Sentado y en pequeño círculo al que solo le falta una fogata y recordando y haciendo chistes
acompañado por sus músicos primarios y primeros Scotty Moore y DJ Fontana. Elvis
reproduciendo lo que Binder había visto y oído en el backstage y rogó que se sacase de los
camerinos para que el mundo lo experimentase e inventando sin proponérselo los conceptos
MTV Unplugged y el de VH1 Storyteller. Elvis casi desgañitándose a carcajadas, una y otra
vez, con “Lawdy Miss Clawdy” y “Baby, What You Want Me To Do”, y sacudiendo y
enarbolando una guitarra como si se tratase de Excalibur rumbo a la batalla definitiva
calzando zapatos mágicos no de rubíes escarlata sino de gamuza azul.

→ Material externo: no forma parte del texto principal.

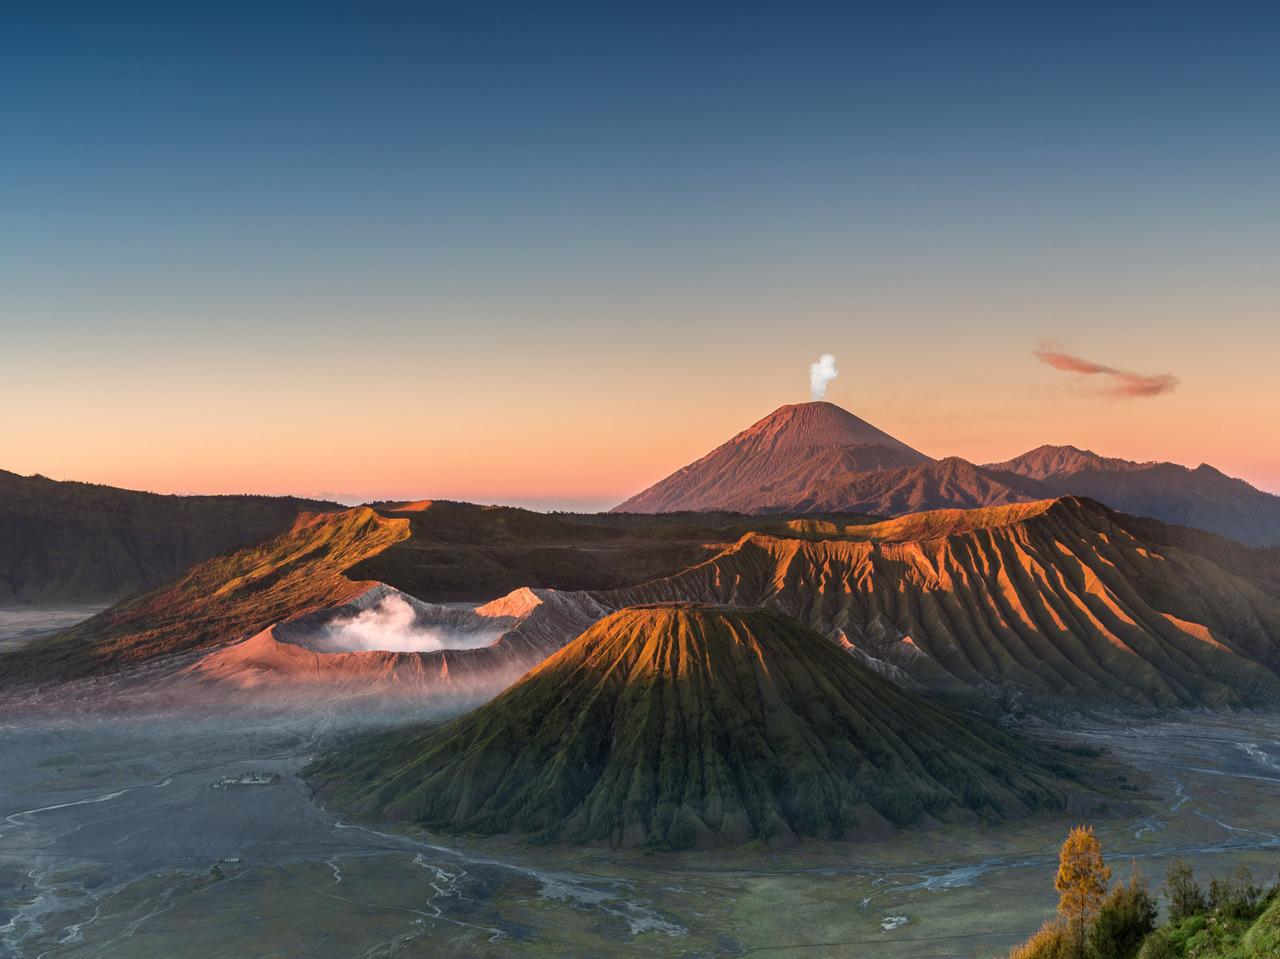 Bromo_Volcano_Indonesia_WEB__49079.1476368276.1280.1280
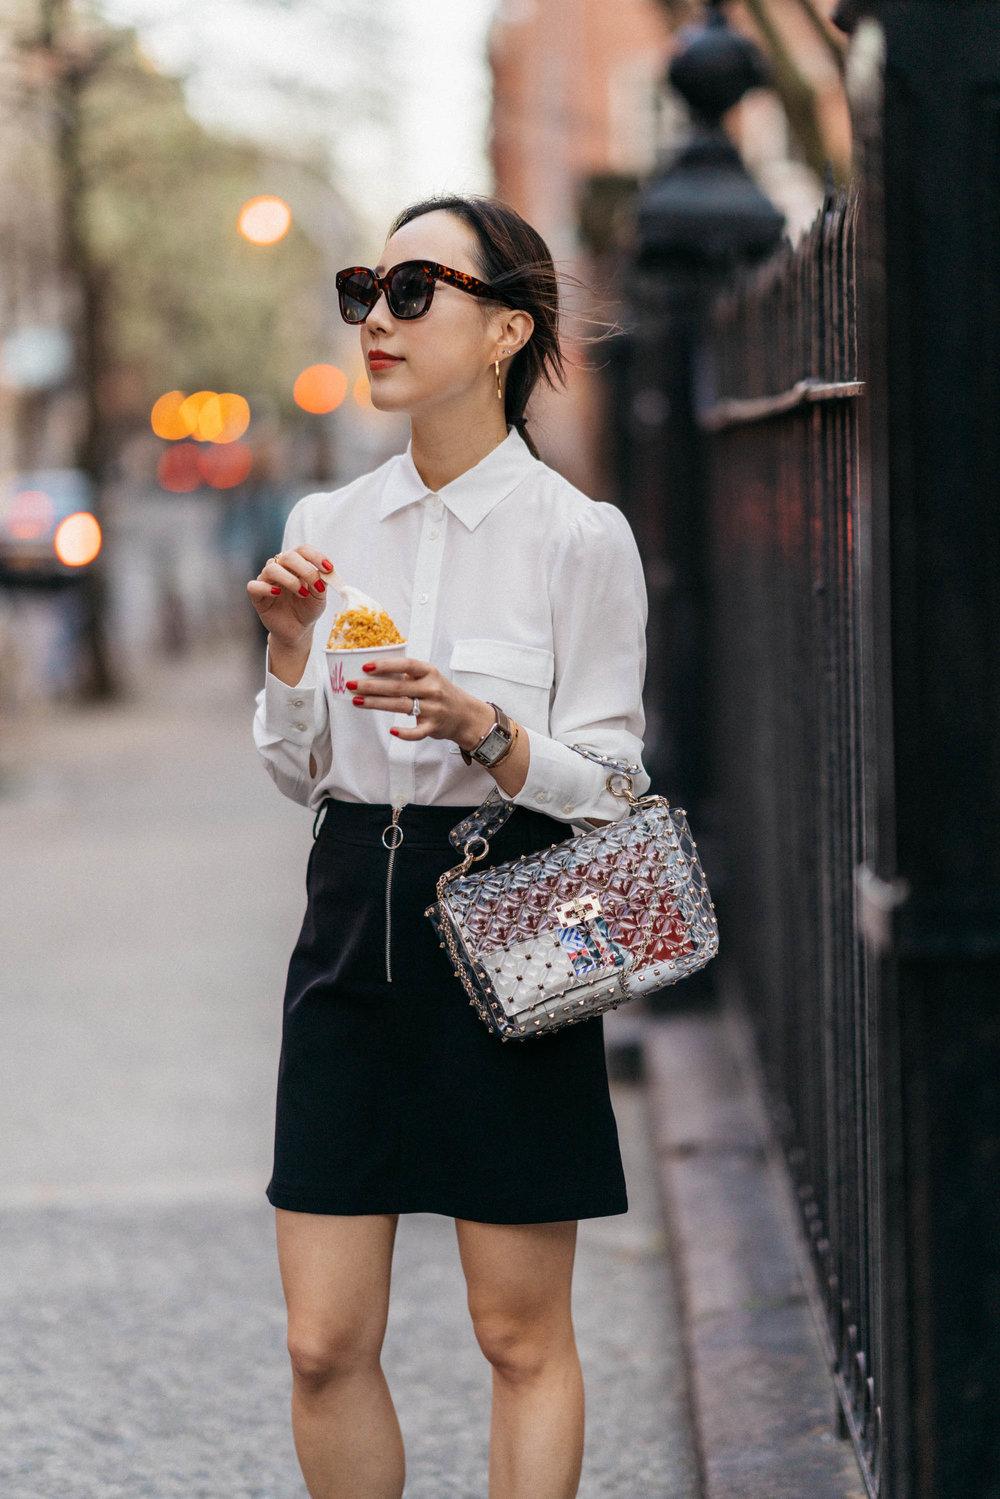 Eating Cereal Milk Soft Serve from  Milk Bar   Wearing  Petite Studio Shirt ,  Petite Studio Skirt ,  Valentino Bag ,  Céline Sunglasses

TRES Y Rodríguez recuerda que luego de ese especial de T.V., Elvis –acaso impulsado por
su efecto revitalizante– tuvo una última buena racha: el glorioso single “Suspicious Minds”
(su último N.1 en vida), un par de grandes álbumes de gospel y el formidable From Elvis in
Memphis. Pero, enseguida, Elvis cruza la delgada línea que separa al Ave Fénix de Ícaro.
Así, su despótico manager y amo el Coronel Parker –temiendo que se le escapase– se lo llevó
a la jaula dorada de Las Vegas y...

Termina Elvis Presley: The Searcher y el canal de cable tienen más el sentido común que la
obvia y buena idea de emitir a continuación el ‘68 Special en edición mega-anfetaminizada
para la efeméride. Y, sí, piensa Rodríguez. Está claro que ahí hay algo porque ahí hay alguien.
Y también hay otra cosa que a Rodríguez se le escapa. Porque Elvis –como el baseball– es
algo que sólo los norteamericanos pueden amor u odiar del todo. Elvis como Hijo Fundante
de los Padres Fundadores y –según el rockensayista Greil Marcus, quien le dedicó su
libro/autopsia Dead Elvis– “obsesión cultural” que no amaina. Algo que nunca se va (no hace
mucho Rodríguez volvió a encontrárselo a él y a su fantasmal hermano gemelo en el último
y magistral cuento de El favor de la sirena, el libro póstumo de Denis Johnson) y que siempre
estará ahí para lo que haga falta, sabiendo que lo que falta siempre es él y que no es fácil
sustituirlo. Ese genoma primigenio del que salen tanto Bob Dylan como The Beatles. El
ingrediente secreto y gaseoso en la Rock’n’Cola a ser adorado hoy mismo por un granjero de
Iowa aullando como un hound dog entre trigales para poder huir de allí para conquistar el
mundo o cuestionado por un rapper de Harlem quien lo considera tan racista/apropiador como
artista de minstrel show con cara embetunada y voz de negro blanco.

Rodríguez piensa todo eso y mira a todo ese.

Y se dice que esta noche –no es su heartbreak hotel pero sí es su heartbreak apartment– el
Elvis ‘68 le sirve. Y mucho. Elvis le ayuda a fantasear con un Rodríguez ‘18 y con la
posibilidad de un nuevo comienzo aunque no tenga glorioso pasado desde el que impulsarse.
No importa. Va a intentarlo. Por lo pronto y para empezar va a vigilar muy de cerca su peso
y su cintura. Y Rodríguez apaga todas las luces y se va a la cama silbando aquello de “Si
pudiese soñar...”.

Y descubre que puede.

Otra cosa, claro, es que ese sueño pueda hacerse realidad.